Railroads, and other common carriers, and public *466utilities are carried on under a public grant of privileges which imposes upon them the duty to render service to all members of the public. With respect to these businesses some public regulation is justified because they are charged with a public use.
The public interest, from the earliest times, has attached to certain exceptional occupations, such as keepers of inns, cabs, and grist mills. These businesses are still regarded as subject to public regulation as being of a public nature.
There are also businesses which, though not public at their inception, by reason of social evolution, have come to hold such a peculiar and close relation to the public as to become subject to some governmental regulation, the reasoning being that the owner, by devoting his business to the public use, in effect, grants the public an interest in that use, and subjects himself to public regulation to the extent of that interest. New State Ice Co. v. Liebmann, 285 U. S. 262, 52 S. Ct. 371, 76 L. Ed. 747; Chas. Wolff Packing Co. v. Court of Industrial Relations, 262 U. S. 522, 43 S. Ct. 630, 633, 67 L. Ed. 1103, 27 A. L. R. 1280.
The question for decision is whether the business of cleaning, dyeing, and pressing is within this class.
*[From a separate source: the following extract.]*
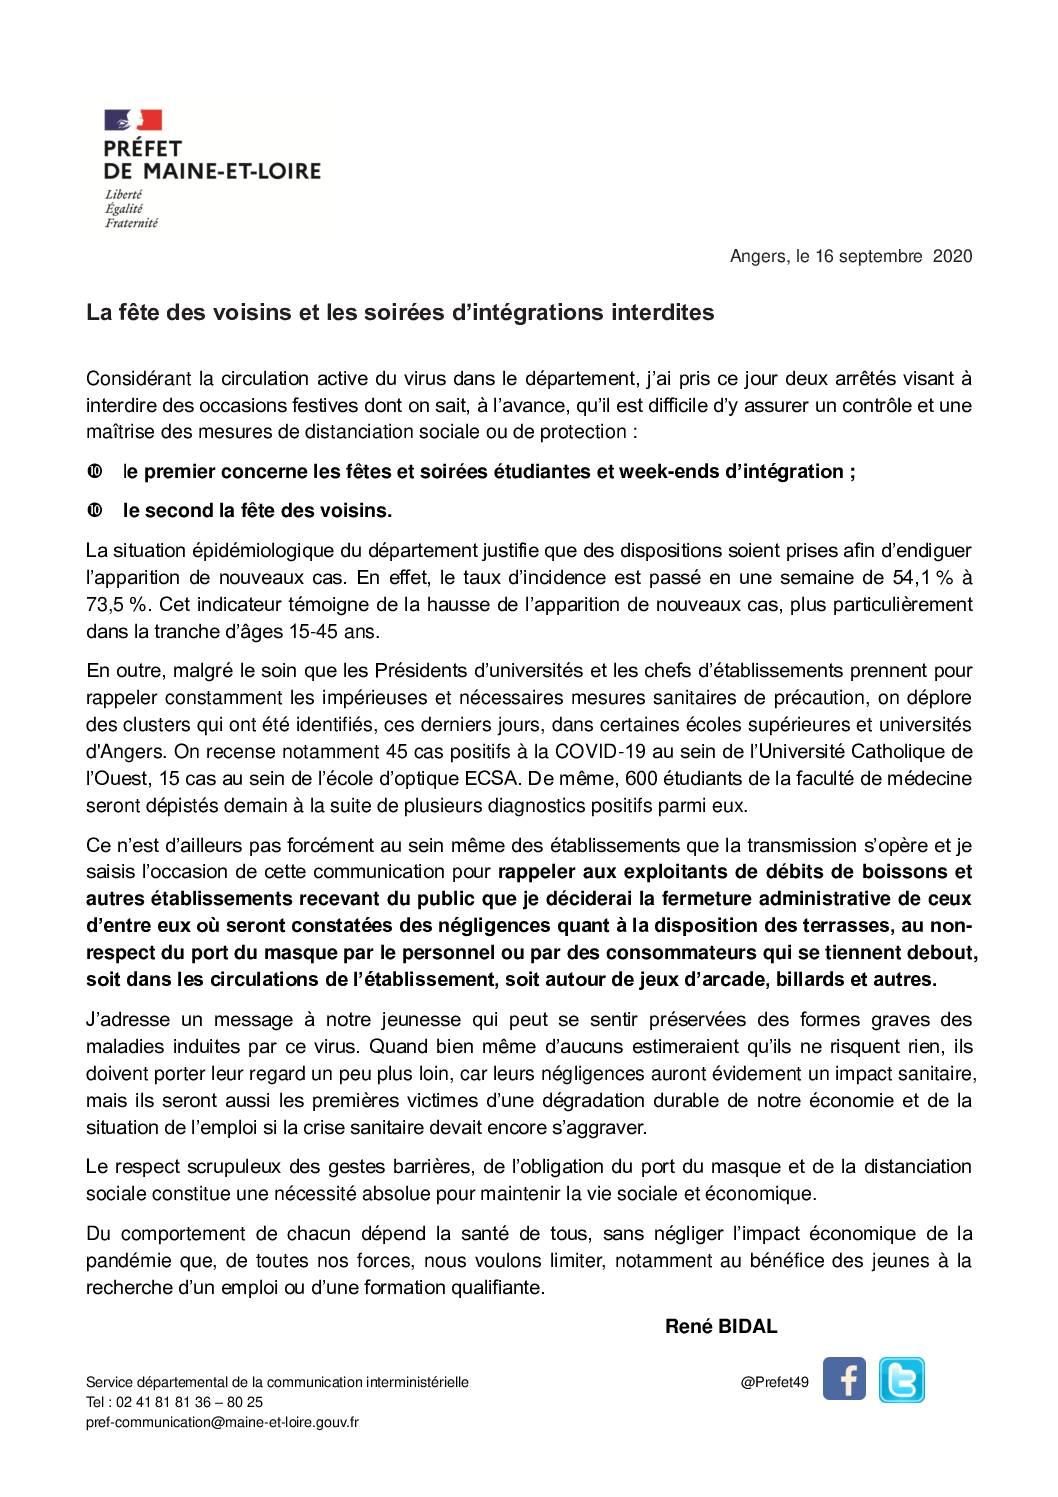 COMMUNIQUE du 16-09-2020-interdiction fete voisins et integration

In the preamble to the act an emergency is declared, caused, as it is said, by abnormal disruption of economic conditions, particularly productive of disorganization of the cleaning, dyeing, and pressing trade. Wherefore, it is declared that the public welfare demands an effective regulation of the trade for the purpose of promoting and protecting the public welfare, and to eliminate unfair, unsanitary, and demoralizing trade practices.
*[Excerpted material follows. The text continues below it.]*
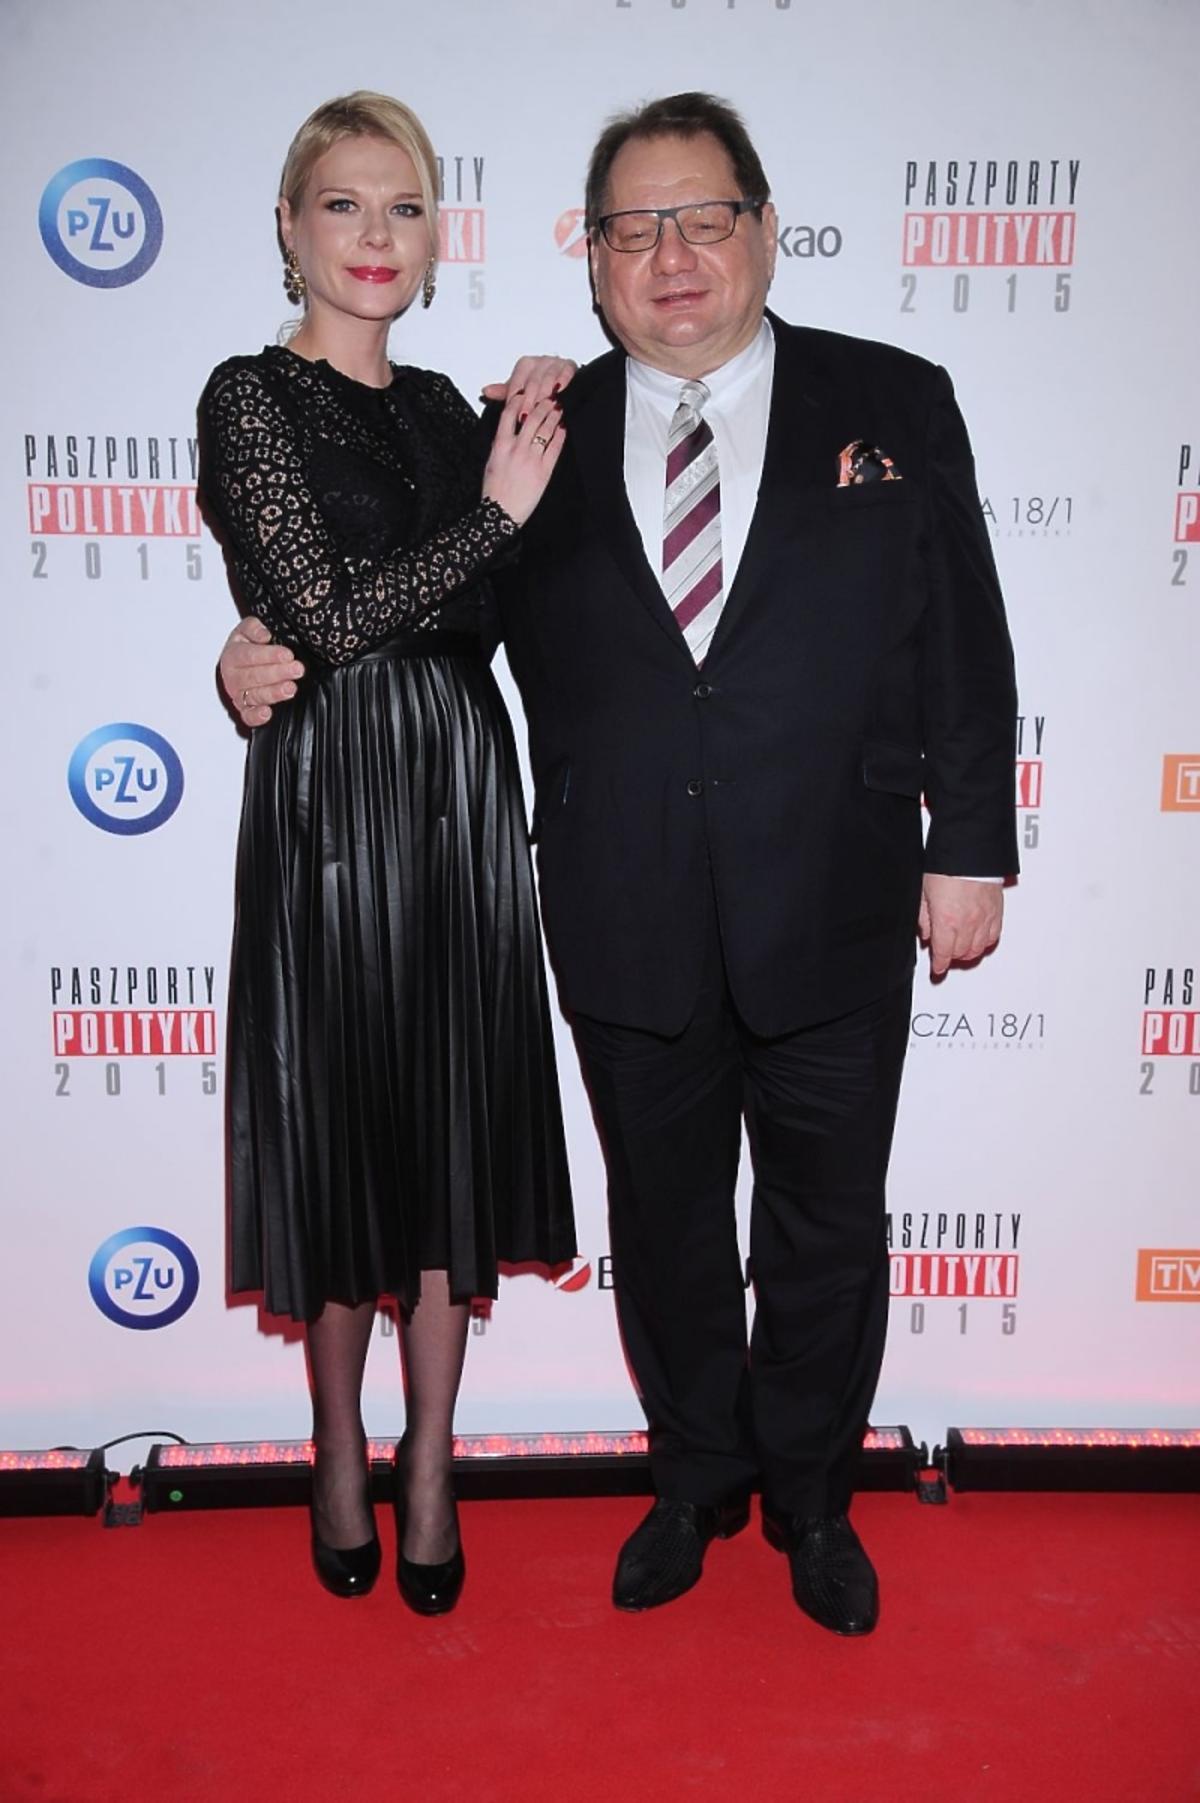 Ryszard Kalisz w ciemnych garniturze z żoną Dominiką na ściance

 But, constitutional power is not born of ex*467traordinary conditions. A. L. A. Schechter Poultry Corporation et al. v. United States, 295 U. S. 495, 55 S. Ct. 837, 79 L. Ed. 1570, 97 A. L. R. 947. Nor is the declaration of a Legislature that a business has become impressed with a public interest, and therefore subject to public regulation, necessarily determinative of the question, for the courts may always inquire into the circumstances of its supposed change from the status of a private business and its freedom from regulation into one in which the' public has come to have an interest. Chas. Wolff Packing Co. v. Court of Industrial Relations, supra; Block v. Hirsh, 256 U. S. 135, 41 S. Ct. 458, 65 L. Ed. 865, 16 A. L. R. 165.
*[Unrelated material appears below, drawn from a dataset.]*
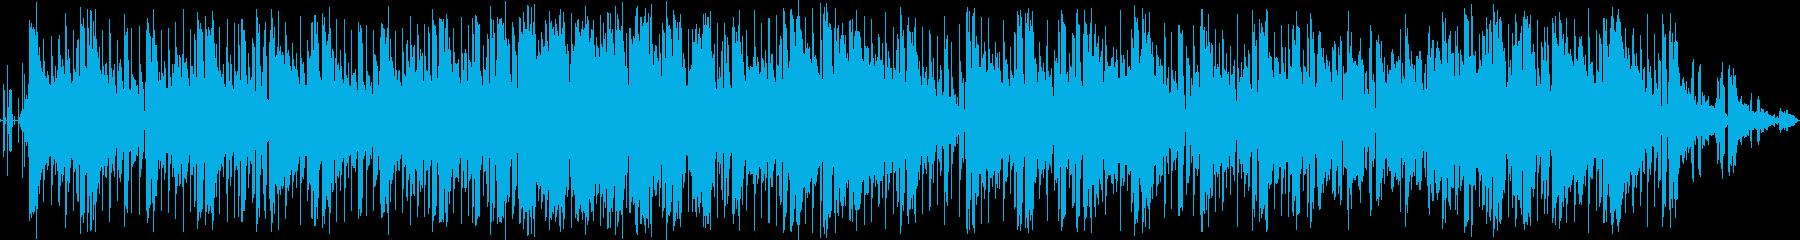 洗練されたパズルゲーム_ステージの再生済みの波形

 Concededly, it is difficult to lay down a practical rule by which it may be determined when a business has become affected with the public interest. Generally, the right of regulation is dependent upon a reasonable necessity for its exercise to protect the health, morals, or general welfare of the public. More specifically, the circumstances must be such as create a peculiarly close relation between the public and those engaged in it, as where a business has come to be of such public consequence that it substantially affects the community at large. Chas. Wolff Packing Co. v. Court of Industrial Relations, supra; Munn v. Illinois, 94 U. S. 113, 126, 24 L. Ed. 77. The hypothesis of the cases is that the public has an interest in the business by reason of considerations of health or safety, or because of its indispensability, or its monopolistic character and consequent exorbitant charges and arbitrary control. But the object of the legislation must be the public good, not the benefit to individuals or classes. 12 C. J. 929; Chas. Wolff Packing Co. v. Court of Industrial Relations, supra.
Upon these considerations, statutes designed to protect the public against incompetent persons engaged in the practice of medicine, dentistry, and pharmacy have uniformly *468been regarded as a proper exercise of legislative power. With less uniformity of opinion the occupation of plumbing, upon considerations of the public health, has been held to be a business affected with the public interest, and hence subject to public regulation. People ex rel. Nechamcus v. Warden, 144 N. Y. 529, 39 N. E. 686, 687, 27 L. R. A. 718, one of the cases upholding an act regulatory of the plumbing business, concedes that it “skirts pretty closely that border line” beyond which the Legislature may not go. On the other hand, Replogle v. Little Rock, 166 Ark. 617, 267 S. ,W. 353, 36 A. L. R. 1333, and State ex rel. Richey v. Smith, 42 Wash. 237, 84 P. 851, 5 L. R. A. (N. S.) 674, 114 Am. St. Rep. 114, 7 Ann. Cas. 577, deny the power of the Legislature to regulate and control such occupation. Likewise the occupation of a barber has been held subject to a public regulation, State v. Tag, 100 Md. 588, 60 A. 465, a decision said, in Dasch v. Jackson (Md.), 183 A. 534, 540, to be “the farthest point reached by the tide of regulation of labor and industry.”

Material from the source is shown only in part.